# Thread: Aaaah confused on analytic geometry questions!!

1. ## Aaaah confused on analytic geometry questions!!

Urgent =( I managed to get the other twenty two but I need help on these three!! If anybody is willing to give me an answer and explanation I would be very very grateful!

[size=3]16. Which point on the circle x^2 + y^2 -12x - 4y= 50 is the closest to the origin? Which point is farthest? Explain.

2. 1. 3 diameters + 1 circumference

2. 4 diameters + 1 circumference

(for 1 and 2 ... see why?)

3. complete the square to get the circle equation in the form

$(x-h)^2 + (y-k)^2 = r^2$

then sketch the circle to see what point is closest/farthest to the origin

3. Originally Posted by skeeter
1. 3 diameters + 1 circumference

2. 4 diameters + 1 circumference

(for 1 and 2 ... see why?)

3. complete the square to get the circle equation in the form

$(x-h)^2 + (y-k)^2 = r^2$

then sketch the circle to see what point is closest/farthest to the origin
Thanks you so much! I get it now, thanks SO MUCH.
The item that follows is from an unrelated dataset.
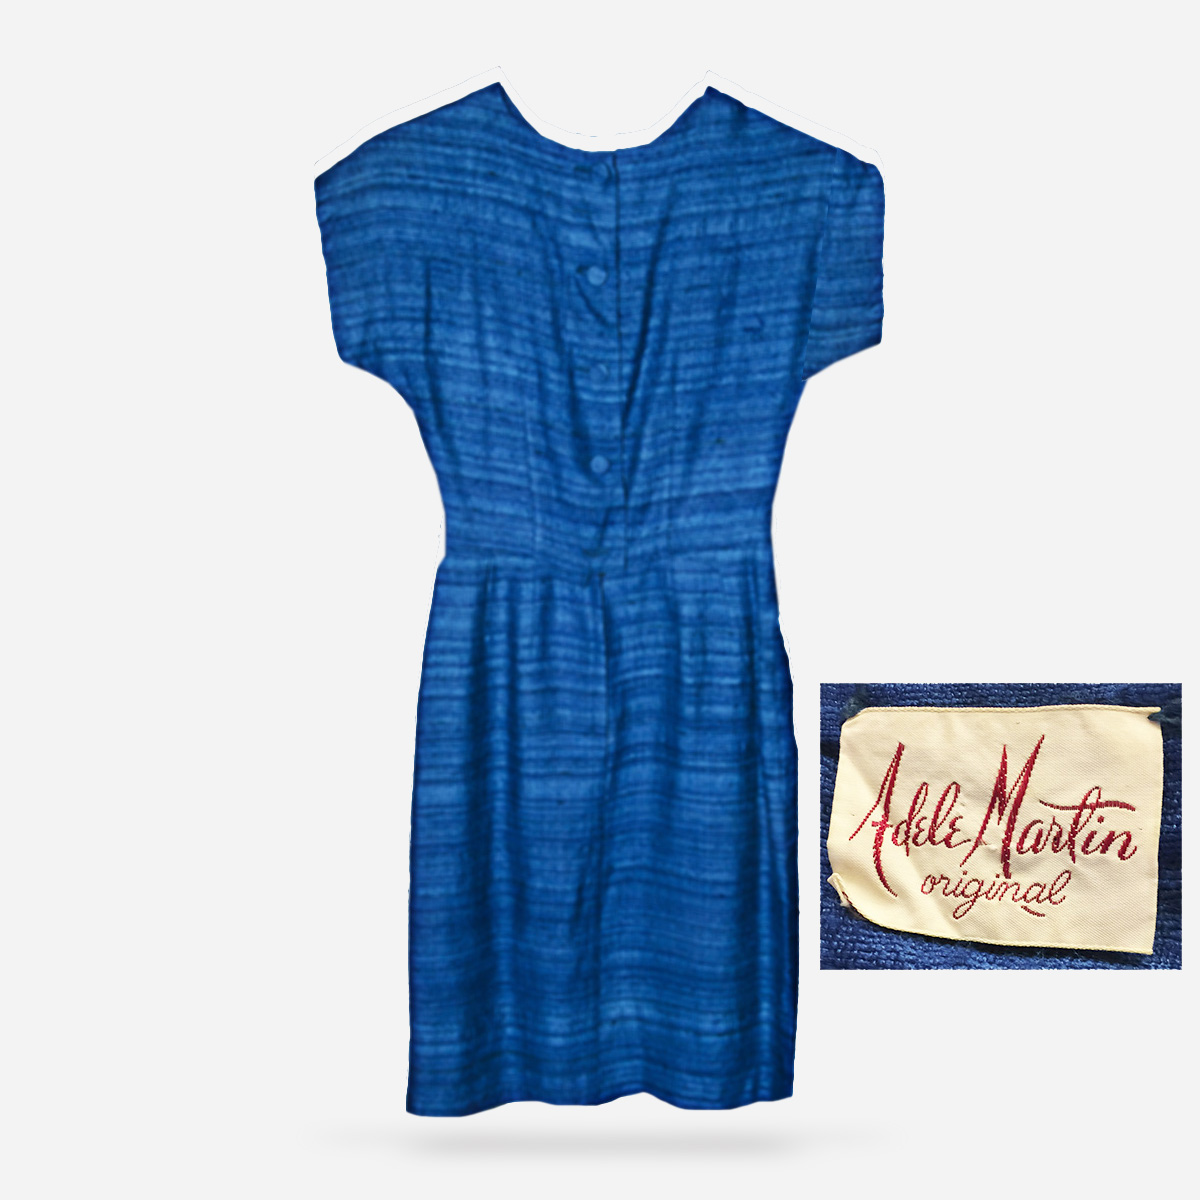 adele martin 1960s dress

I'm not sure if I'm supposed to post an entire new thread so I'll post this here, I want to see if I'm off or not.

The question is:

An isosceles triangle has two sides of length p and one of length m. IN terms of these lengths, write calculator-ready formulas for the sizes of the angles of this triangle.

For one of the two base angles, would the formula be something along the lines of:

inverse cos= .5m/p

Is that right or totally off??

4. I put the three circles on a set of coordinate axes.

$(x-6)^{2} + y^{2} = 6^{2}$

$(x+6)^{2} + y^{2} = 6^{2}$

$x^{2} + (y-6\sqrt{3})^{2} = 6^{2}$

No notice a few things.

If you connect the centers, you get an equilateral triangle. Draw this triangle. Your band obviously is longer than this.

What do you suppose you get if you extend the three tangents until they intersect? Draw this triangle. Your band obviously is shorter than this.

Draw all six radii, two from each center, intersecting the tangents on the circle. These radii are perpendicular to the tangents.

As far as the four pipes, is there a unique solution? You'll have to explore that.